In geometrical optics, a caustic is the envelope of a family of light rays. In this picture there is an arc of a circle. The light rays (shown in blue) are coming from a source at infinity, and so arrive parallel. When they hit the circular arc the light rays are scattered in different directions according to the law of reflection. When a light ray hits the arc at a point the light will be reflected as though it had been reflected by the arc's tangent line at that point. The reflected light rays give a one-parameter family of lines in the plane. The envelope of these lines is the reflective caustic. A reflective caustic will generically consist of smooth points and ordinary cusp points.
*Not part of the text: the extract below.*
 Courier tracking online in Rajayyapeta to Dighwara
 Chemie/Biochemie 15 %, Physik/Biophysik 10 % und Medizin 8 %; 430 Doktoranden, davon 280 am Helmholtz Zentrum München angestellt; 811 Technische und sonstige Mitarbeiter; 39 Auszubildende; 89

From the point of view of the calculus of variations, Fermat's principle (in its modern form) implies that light rays are the extremals for the length functional

$L[\gamma ]=\int _{a}^{b}|\gamma '(t)|\,dt$ among smooth curves γ on [a,b] with fixed endpoints γ(a) and γ(b). The caustic determined by a given point P (in the image the point is at infinity) is the set of conjugate points to P.

### Huygens's principle

Light may pass through anisotropic inhomogeneous media at different rates depending on the direction and starting position of a light ray. The boundary of the set of points to which light can travel from a given point q after a time t is known as the wave front after time t, denoted here by Φq(t). It consists of precisely the points that can be reached from q in time t by travelling at the speed of light. Huygens's principle asserts that the wave front set Φq0(s + t) is the envelope of the family of wave fronts Φq(s) for q ∈ Φq0(t). More generally, the point q0 could be replaced by any curve, surface or closed set in space.